Open piskvorky opened 6 years ago
Another related resource, the PubMed Central dataset: https://www.ncbi.nlm.nih.gov/pmc/tools/openftlist/ (found via http://deepdive.stanford.edu/opendata/)
Unlike the metadata above, this (smaller) dataset also contains the article full texts.
Around 360,000 medical articles with full text in total.
Another related free (non-commercial use) bio medical corpus, including full text: https://old.biomedcentral.com/about/datamining
There's a bunch of word2vec models trained on PubMed data here, and these work well in gensim:
These are all unigram models though iirc
@philgooch thanks for the links!
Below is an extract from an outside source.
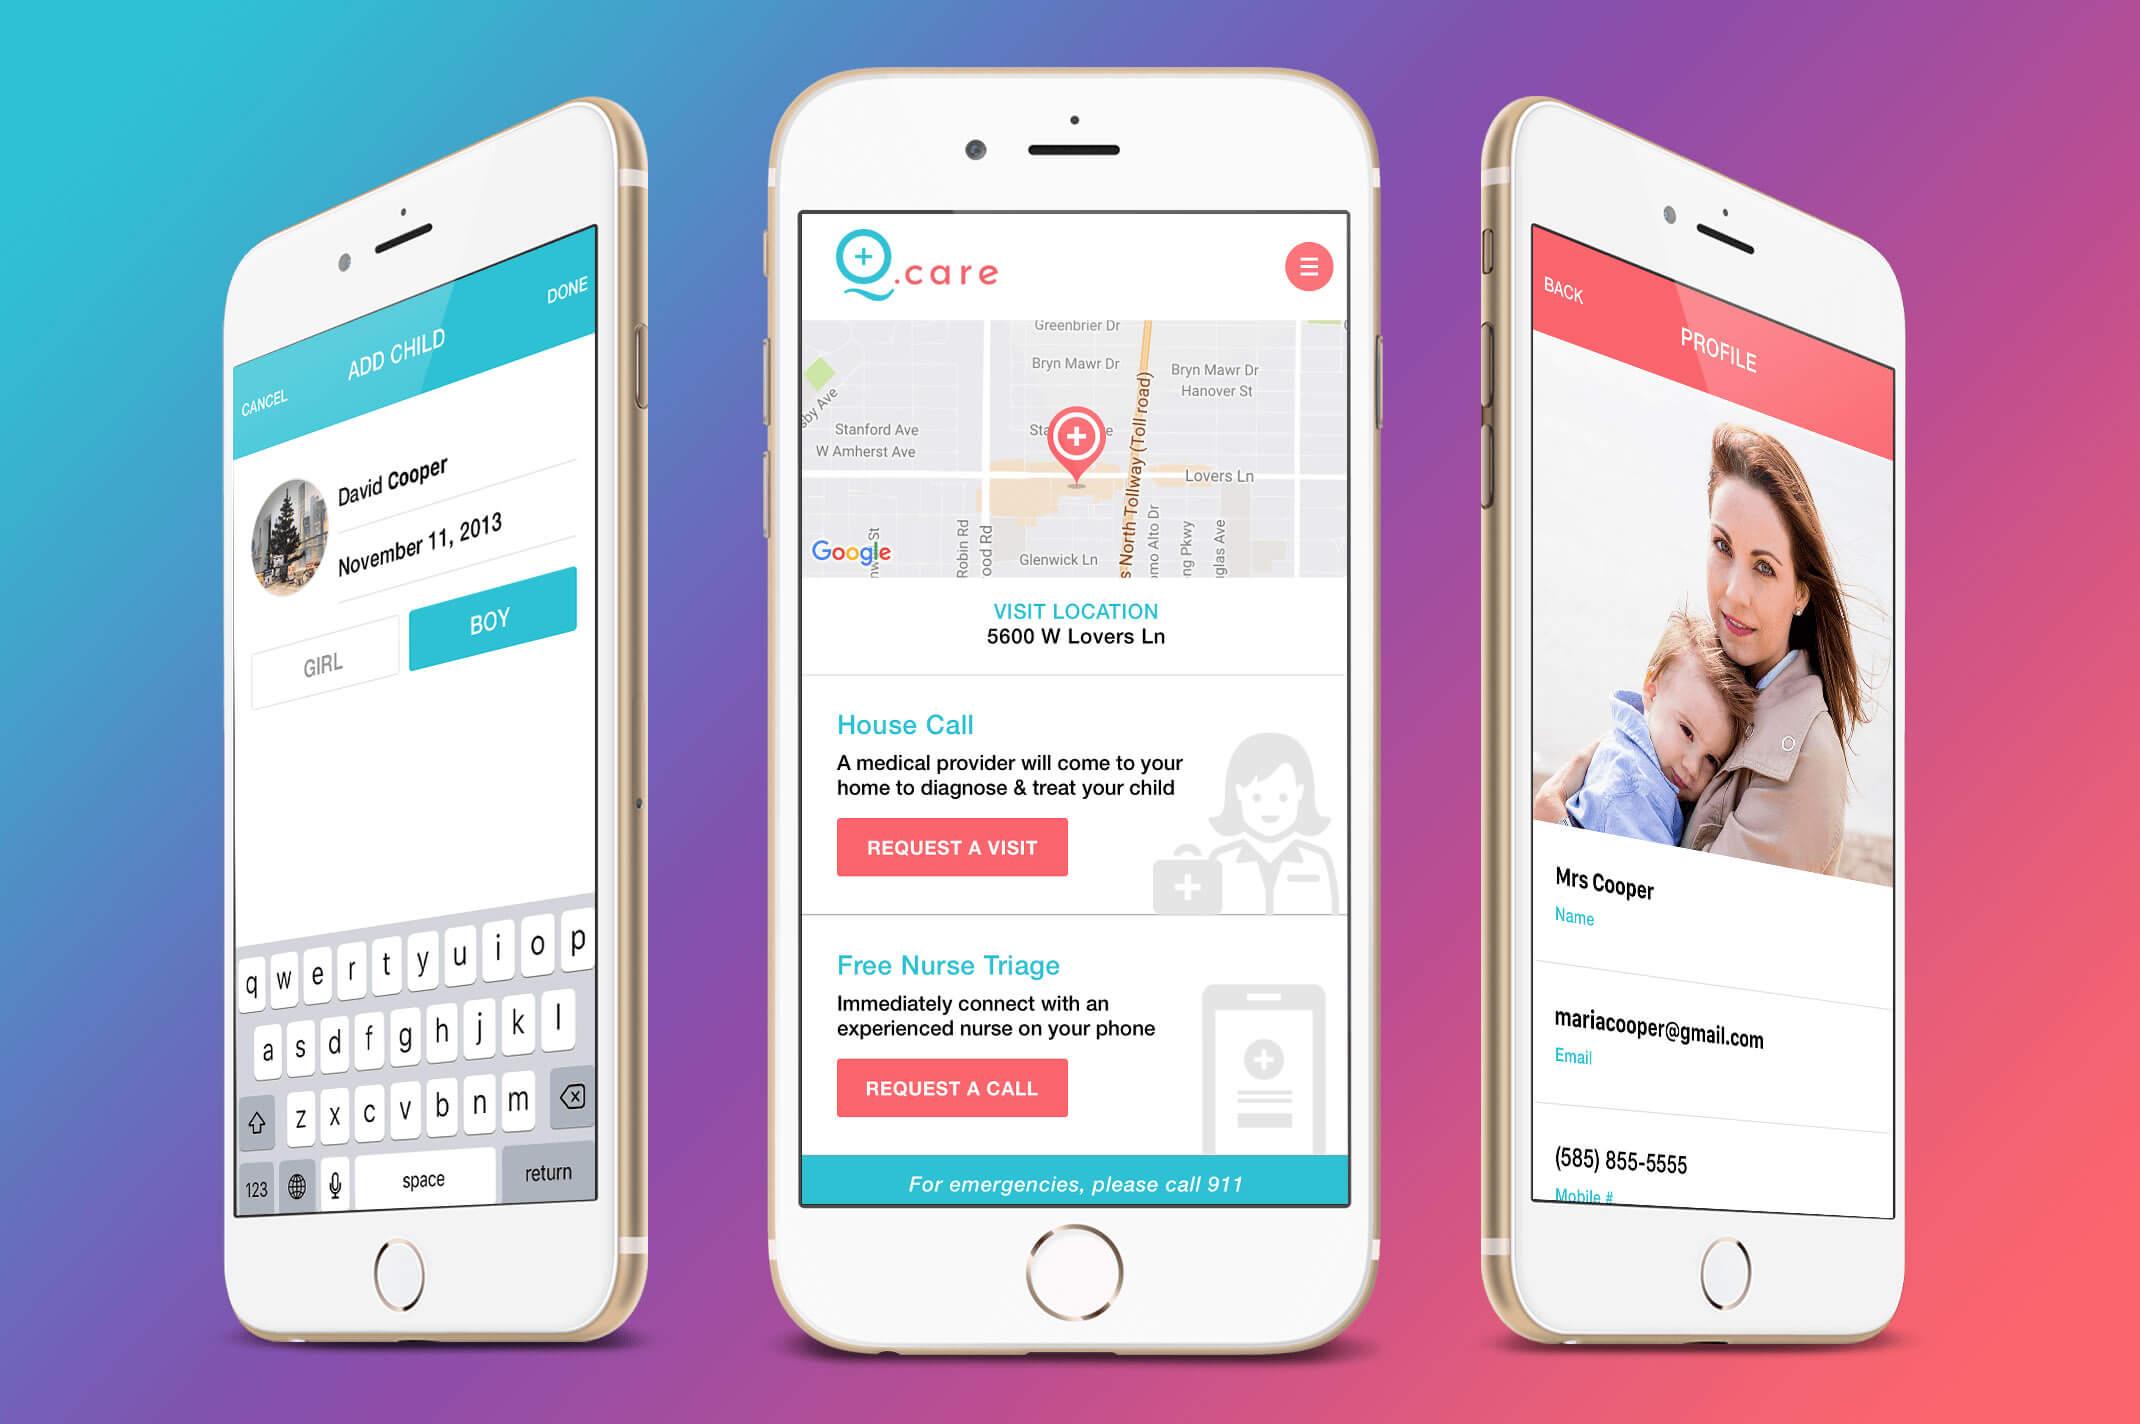 qcare-app-devices

Have you any license information about it (can we add it to gensim-data and "re-distribute")?
training in R. https://github.com/Imshepherd/wordVectors-R-PubMed-Resourse
@menshikh-iv The first set of models at http://evexdb.org/pmresources/vec-space-models/are CC-BY (see http://bio.nlplab.org/#license)
I'm waiting to hear back from the authors about the license for the other ones, I'll let you know as soon as I hear.
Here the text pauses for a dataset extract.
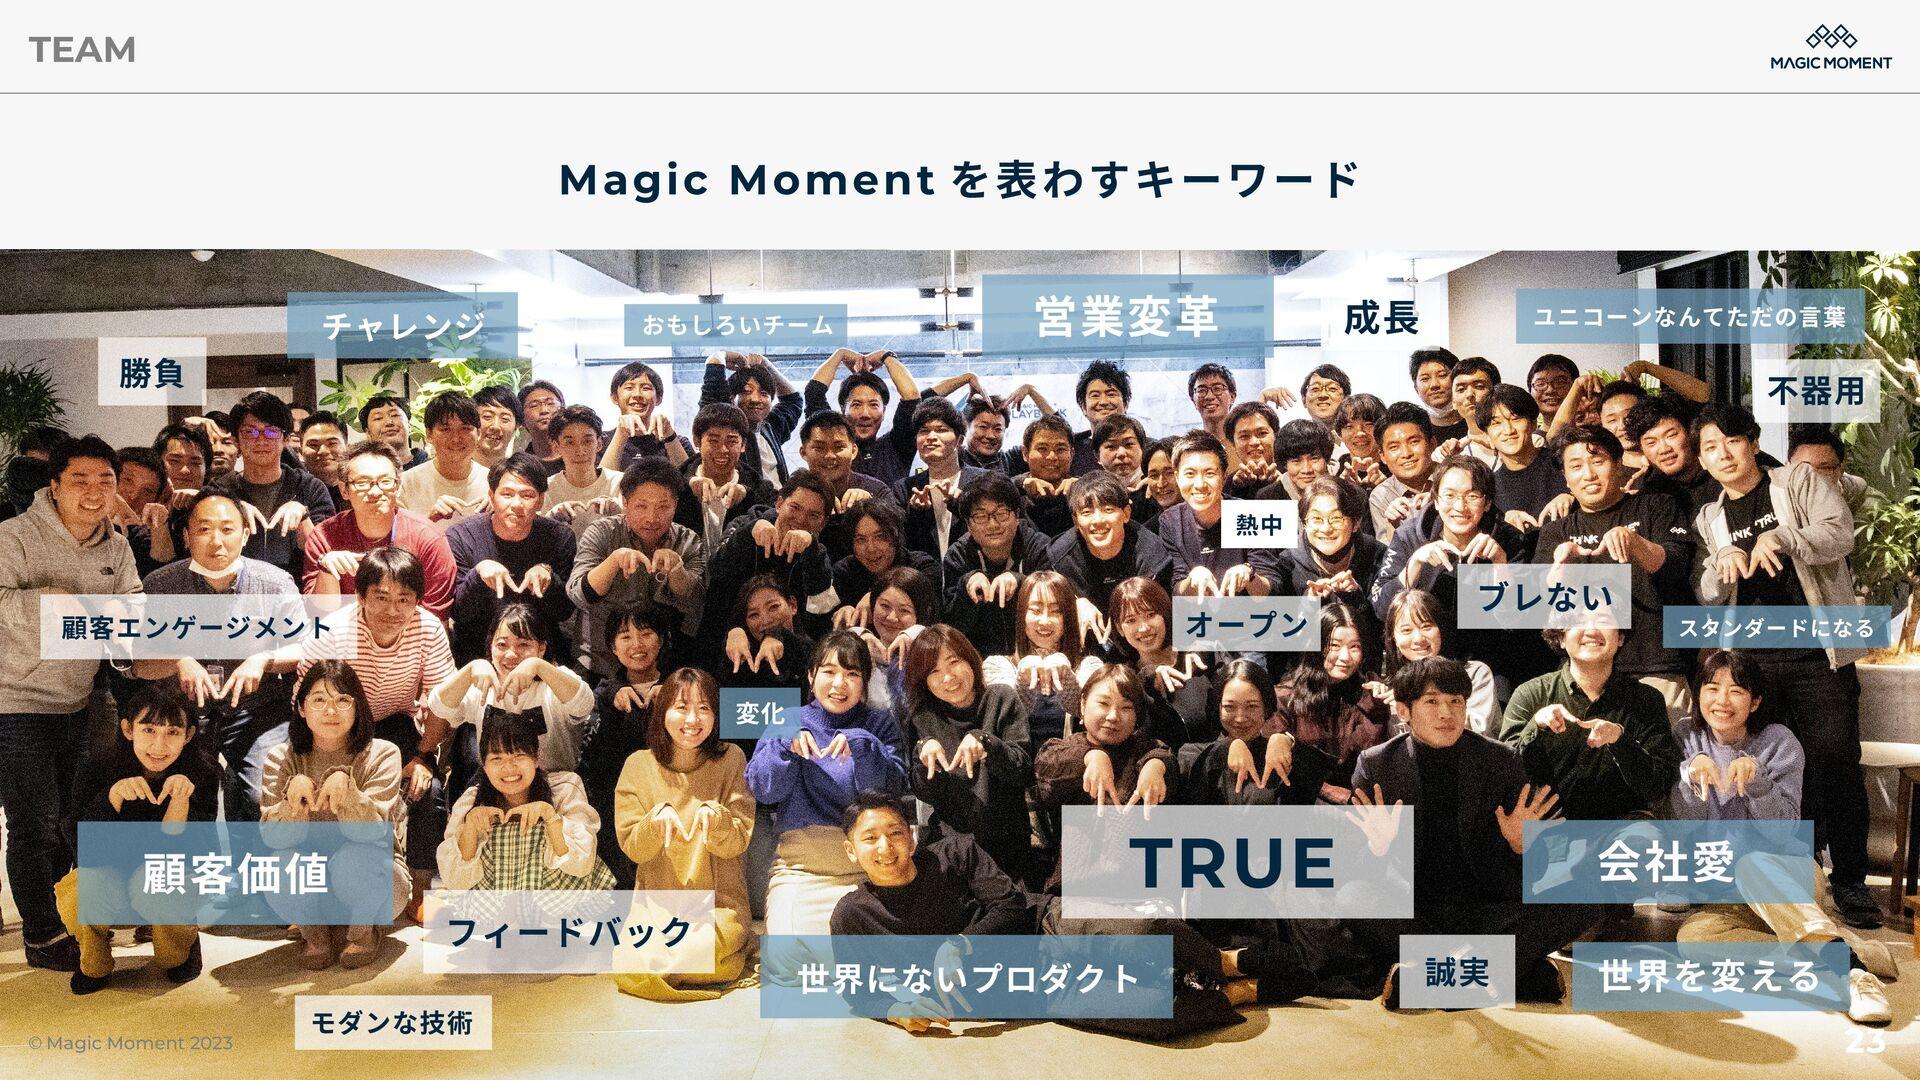 TEAM Magic Moment を表わすキーワード TRUE フィードバック 顧客価値 営...

@philgooch great, we'll wait too :+1:
@menshikh-iv I just heard back from Billy Chiu who developed the models at
https://github.com/cambridgeltl/BioNLP-2016
He's just updated the ReadMe there to confirm that the models at https://drive.google.com/open?id=0BzMCqpcgEJgiUWs0ZnU0NlFTam8 are also made available under CC BY
The National Library of Medicine NLM license released a corpus of more than 27 million records with medical article metadata: ftp://ftp.ncbi.nlm.nih.gov/pubmed/baseline/.
Each record contains the article's abstract (a short paragraph with article summary, typically ~1k characters), its authors, title, affiliation, a list of article topics including keywords and chemical formulas, year of publication etc.
Add this PubMed corpus to
gensim-data
, including pre-trained semantic models on this data.License instruction are here: ftp://ftp.ncbi.nlm.nih.gov/pubmed/updatefiles/README.txt (read carefully), along with the full metadata schema (DTD).